The RAC Tourist Trophy (sometimes called the International Tourist Trophy) is a motor racing award presented by the Royal Automobile Club (RAC) to the overall victor of a motor race in the United Kingdom. Established in 1905, it is the world's oldest continuous motor race. The 18-carat gold trophy is based on Giambologna's sculpture of the Greek god Hermes. Series to have featured the trophy include the World Sportscar Championship, the FIA GT Cup, the World Touring Car Championship, the European Touring Car Championship, the FIA GT Championship, the British Touring Car Championship, the FIA GT1 World Championship, and the overall winners of the British GT Championship in the 1999, 2000, 2003 and 2004 seasons. It has been presented to the overall winners of the Silverstone Circuit round of the FIA World Endurance Championship from 2013 on.

The race was first contested on the Isle of Man in 1905 and continued to be held on the island until 1922. It moved to the Ards Circuit on Northern Ireland's public roads in 1928 after an article written by the journalist Wallace McLeod in a Belfast newspaper suggested it occur in the area and the inventor Harry Ferguson helped the RAC to find a suitable track.

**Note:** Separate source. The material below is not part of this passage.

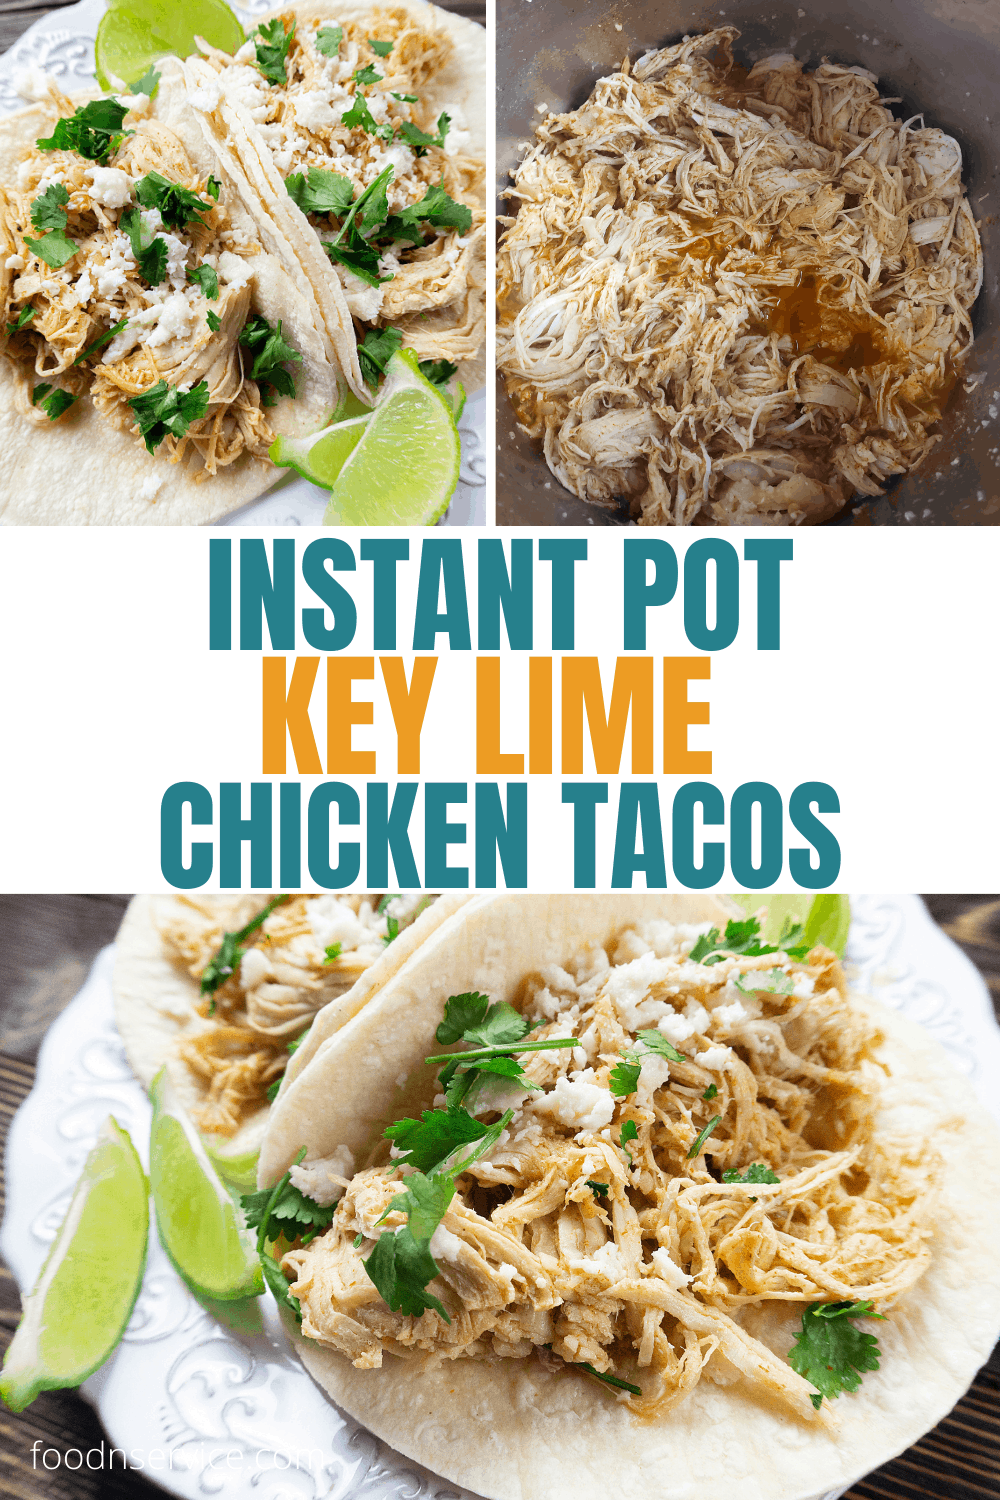 Instant Pot Key Lime Chicken Tacos

Donington Park staged the trophy's following two races in 1937 and 1938 after a major accident involving a Riley car during the 1936 edition killed eight onlookers and injured another 25. Following the Second World War, it returned to Northern Ireland and was held on the shorter Dundrod Circuit; a second major crash that killed three competitors in 1955 led the local authorities to bar all future car races on the track. Since then, the race has occurred on permanent racing circuits rather than closed public road tracks.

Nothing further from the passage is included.